IN VITRO ASSESSMENT OF REVERSIBLE AND METABOLISM-DEPENDENT INHIBITORY EFFECTS OF PROPOXAZEPAM ON CYP2C8 ACTIVITY.

Abstract

Background: In oncology, drug-drug interactions (DDIs) are particularly relevant due to the complex medication regimens of cancer patients. These patients often require multiple drugs to manage both their disease and treatment-related side effects. Evaluating potential DDIs via the inhibition of CYP enzymes is crucial in drug discovery. This study aimed to assess the effect of propoxazepam on CYP2C8 activity in vitro by amodiaquine N-deethylation in human liver microsomes and to predict the likelihood of DDI through CYP activity reduction.

Materials and methods: Amodiaquine Ndeethylation was used as a marker of CYP2C8 activity. The positive controls included montelukast (1 μM) for rever sible inhibition and gemfibrozil O-glucuronide (40 μM) for metabolism-dependent inhibition. Propoxazepam was tested in both reversible and metabolism-dependent inhibition conditions being added with the substrate or pre-incubated with microsomes and NADPH, respectively.

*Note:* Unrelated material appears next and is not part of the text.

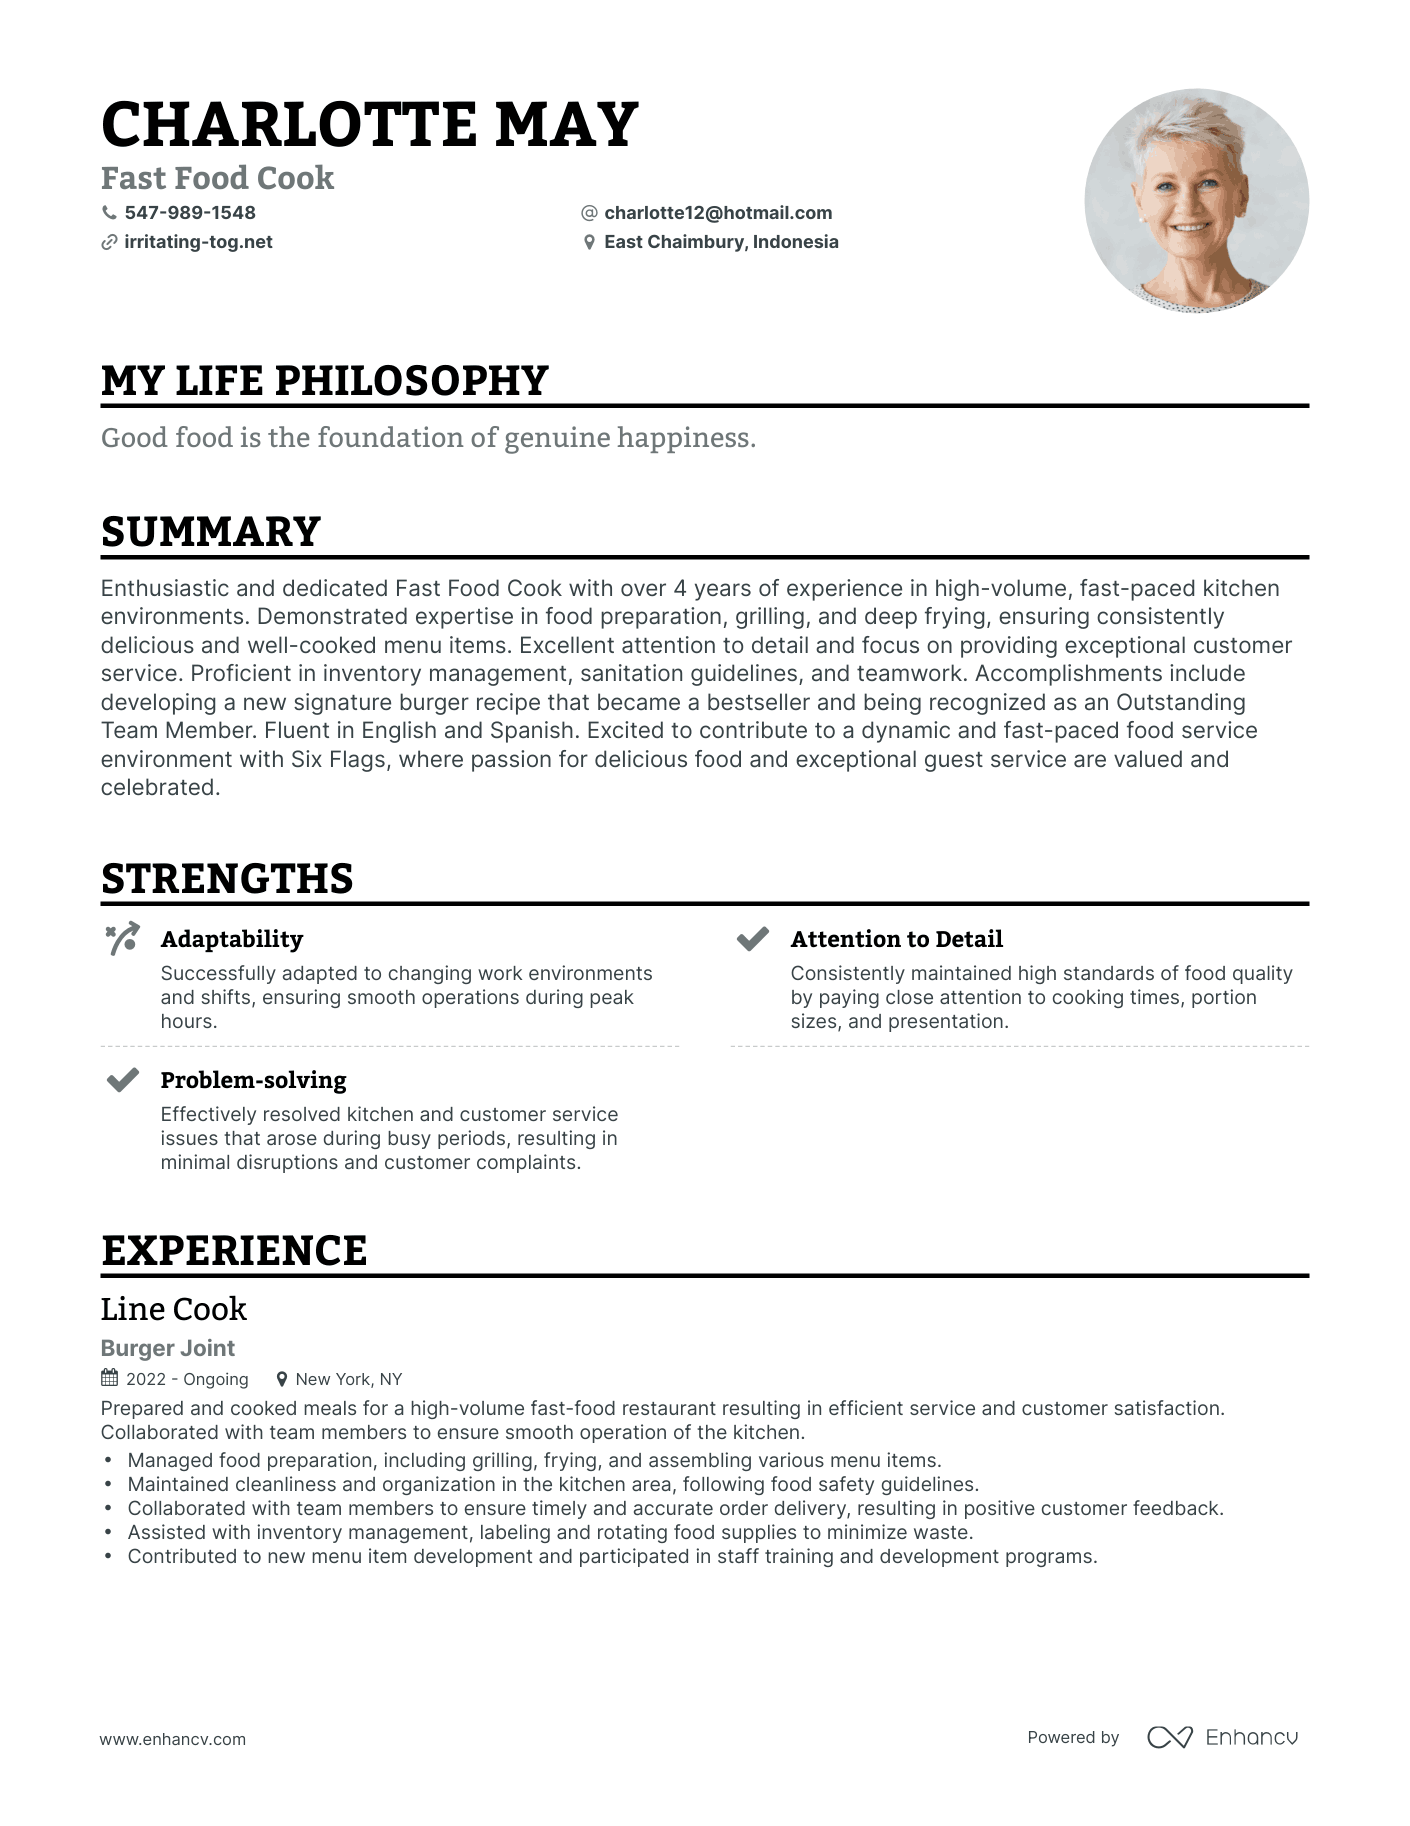 Creative Fast Food Cook Resume Example

The metabolite formation was quantified by LC-MS/MS in a multiple reaction monitoring mode using the electrospray ionization technique.

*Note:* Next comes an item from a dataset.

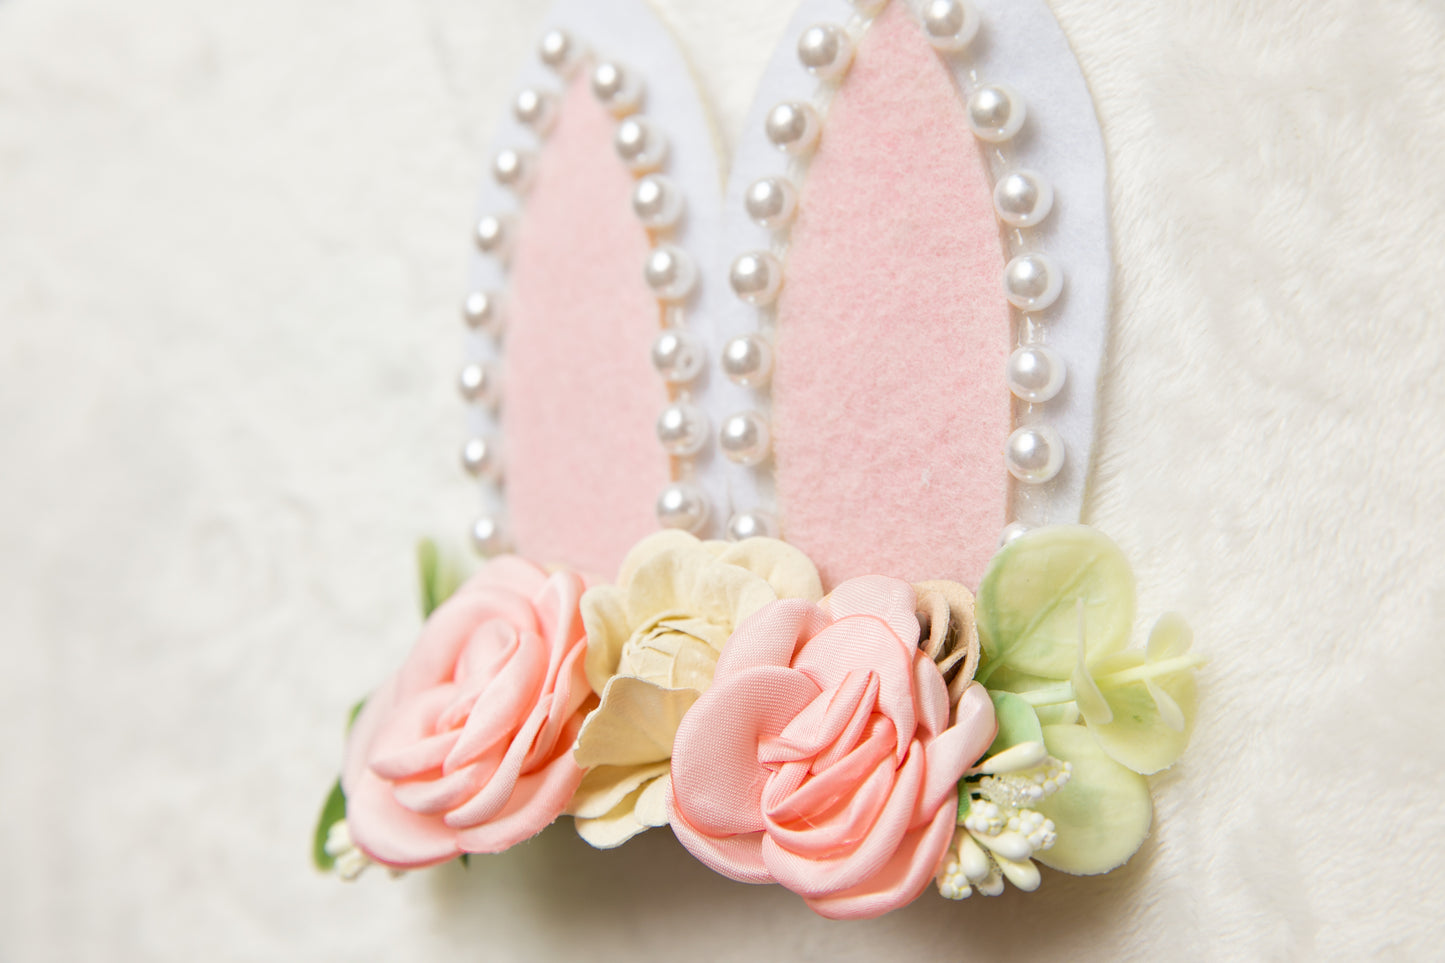 Unique Easter Bunny Ears 5 inches Extra Large headband for Baby Girl Toddler Pink Beige Pearl Easter Egg Big flower floral party gift

Results: Propoxazepam inhibited CYP2C8 activity in a concentration-dependent manner, with IC50 values of 20.5 ± 2.2 μM for reversible inhibition and 23.1 ± 3.2 μM for metabolism-dependent inhibition. Positive controls montelukast and gemfibrozil O-glucuronide showed expected inhibition (4.4% and 12.2% of control, respectively). Propoxazepam showed low binding to microsomal protein under the experimental conditions.

Conclusion: Based on the indicators used (Ki, IC50, IC50 shift, and [I]/Ki ratios), propoxazepam is not expected to be a significant CYP2C8 inhibitor in vitro.